• [Assignment]:
What is needed is a faithful transcription of all the data below, pictures excluded.

• [Information provided]:

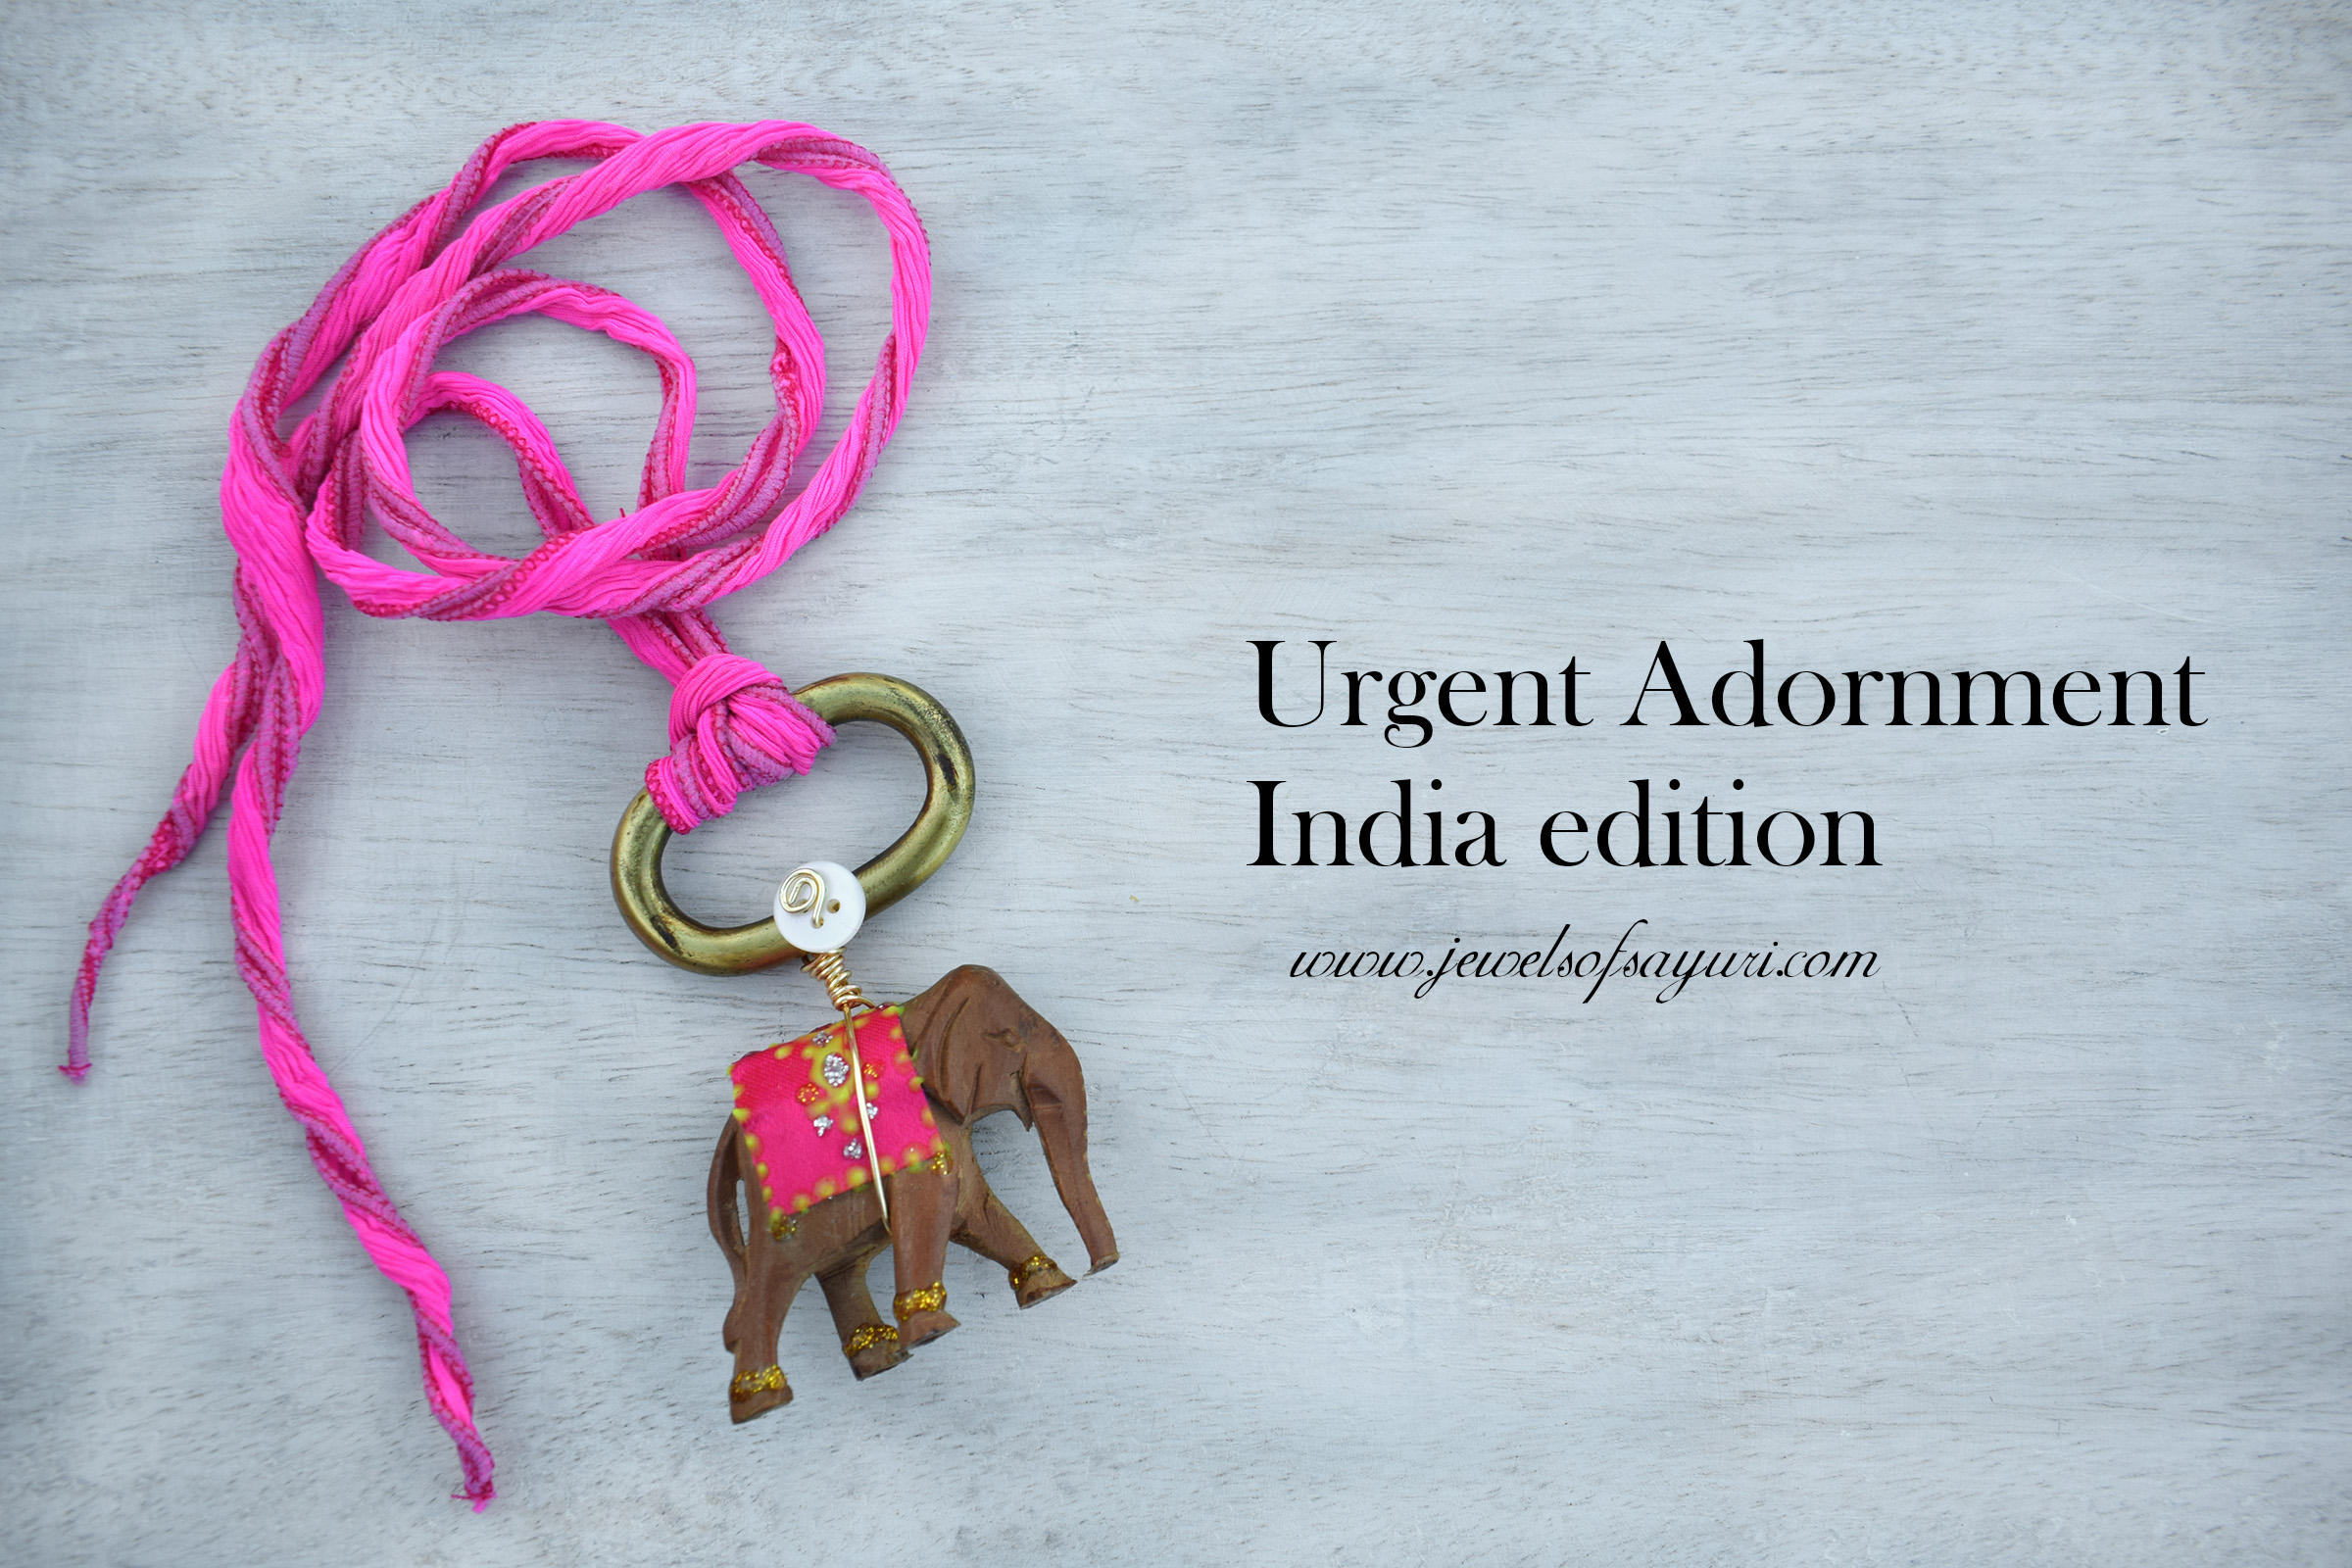 Urgent Adornment India edition
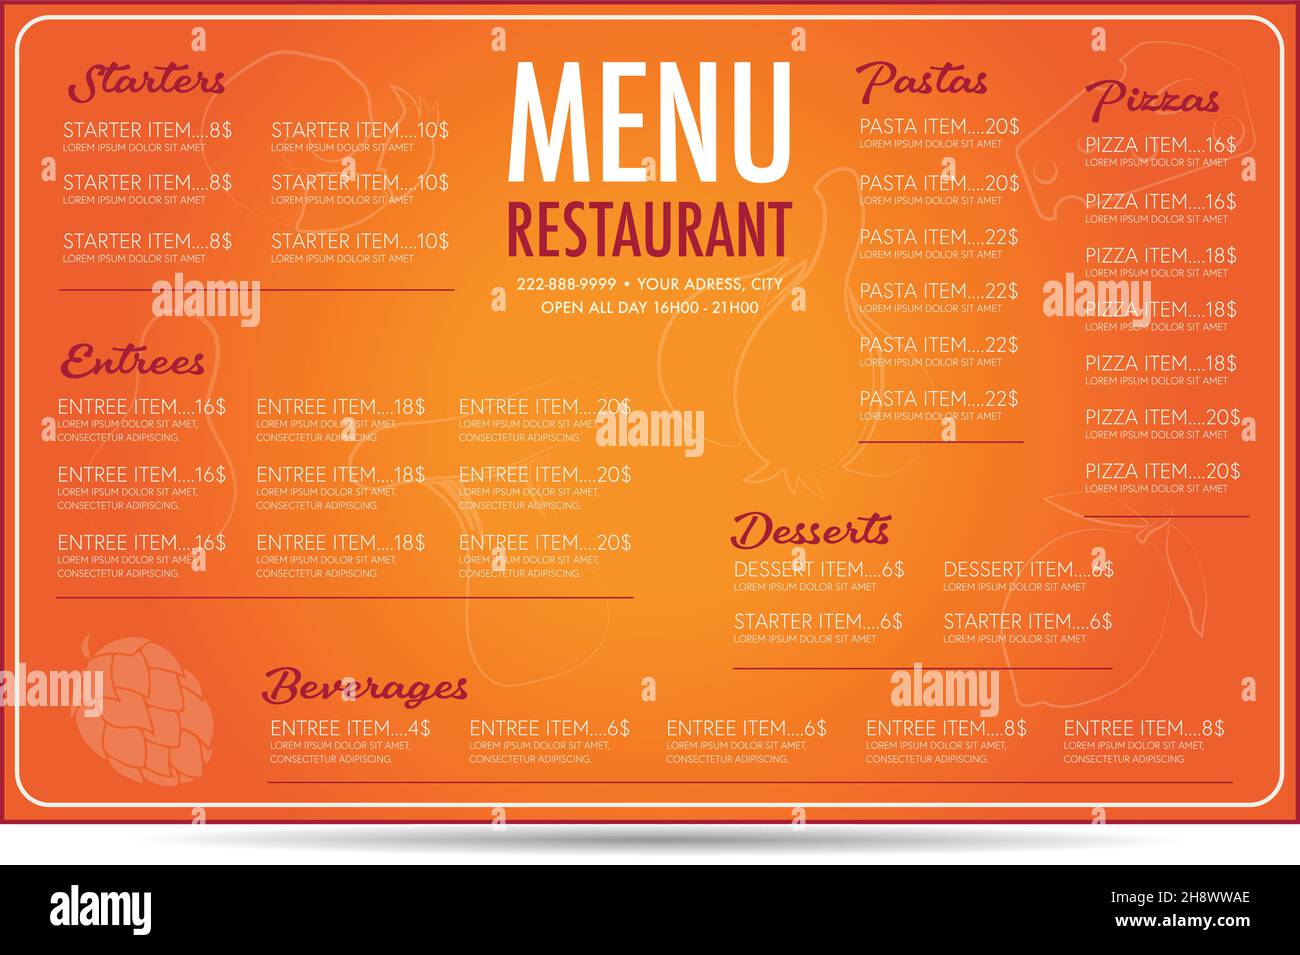 Restaurant Menü Flyer Vorlage Layout Design orange Hintergrund Schriftarten sind europa light und armonia Skript Stock Vektor
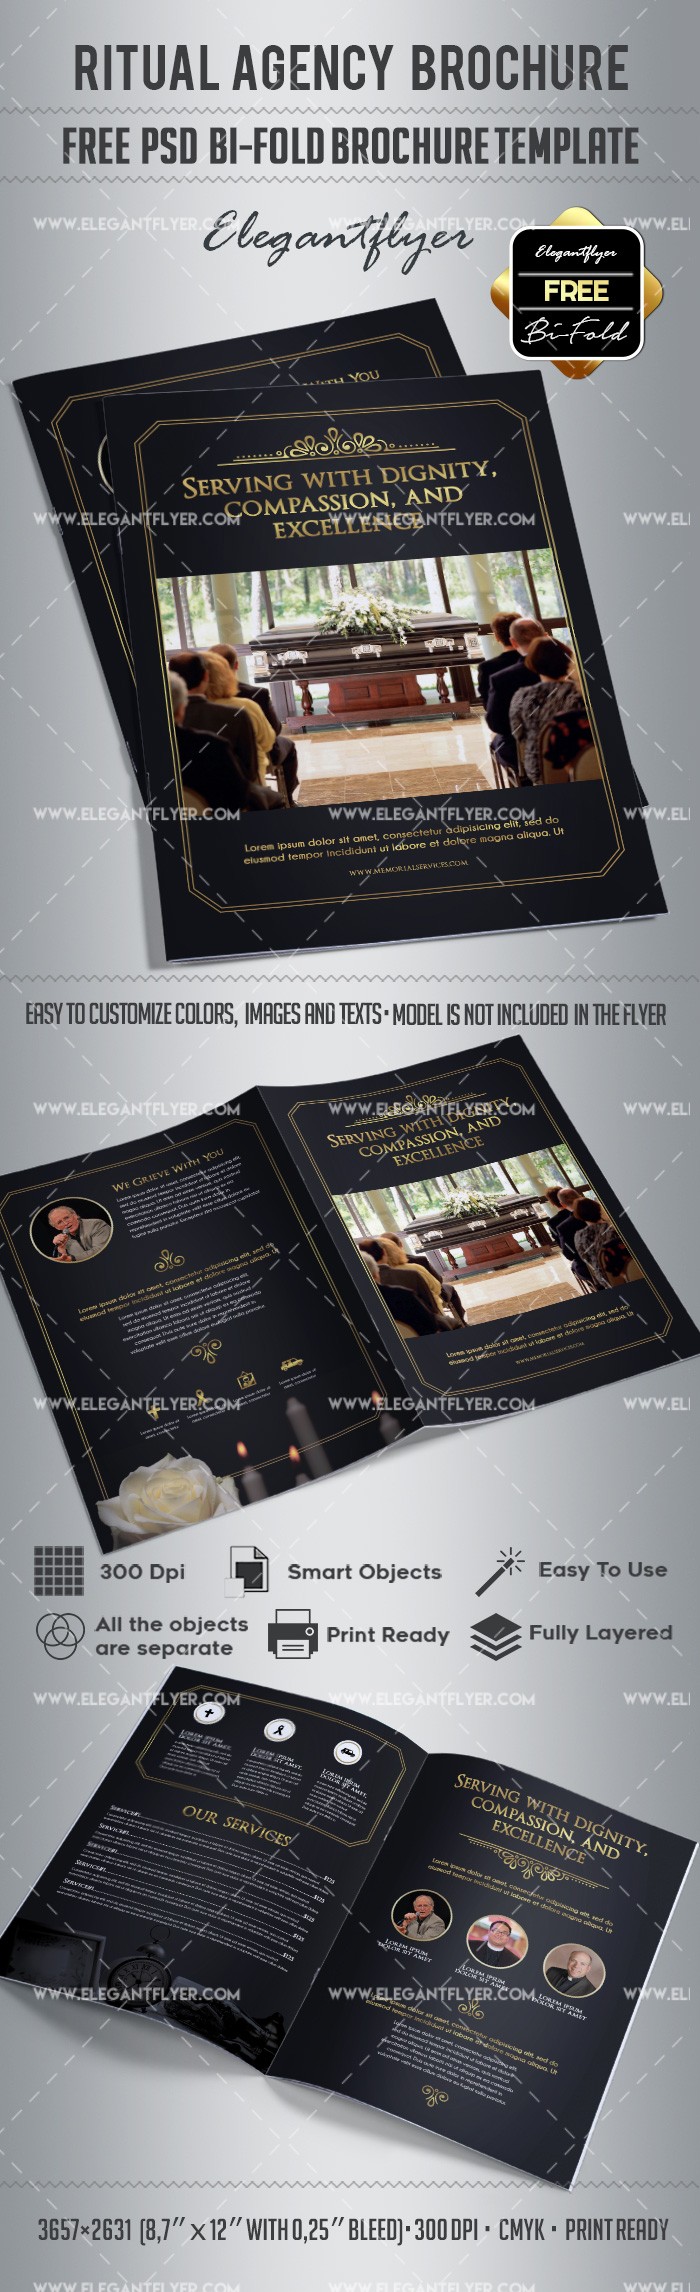 Ritual Agency Brochure by ElegantFlyer

• [Result of this exercise]:
 Urgent Adornment India edition
 Restaurant Menü Flyer Vorlage Layout Design orange Hintergrund Schriftarten sind europa light und armonia Skript Stock Vektor
 Ritual Agency Brochure by ElegantFlyer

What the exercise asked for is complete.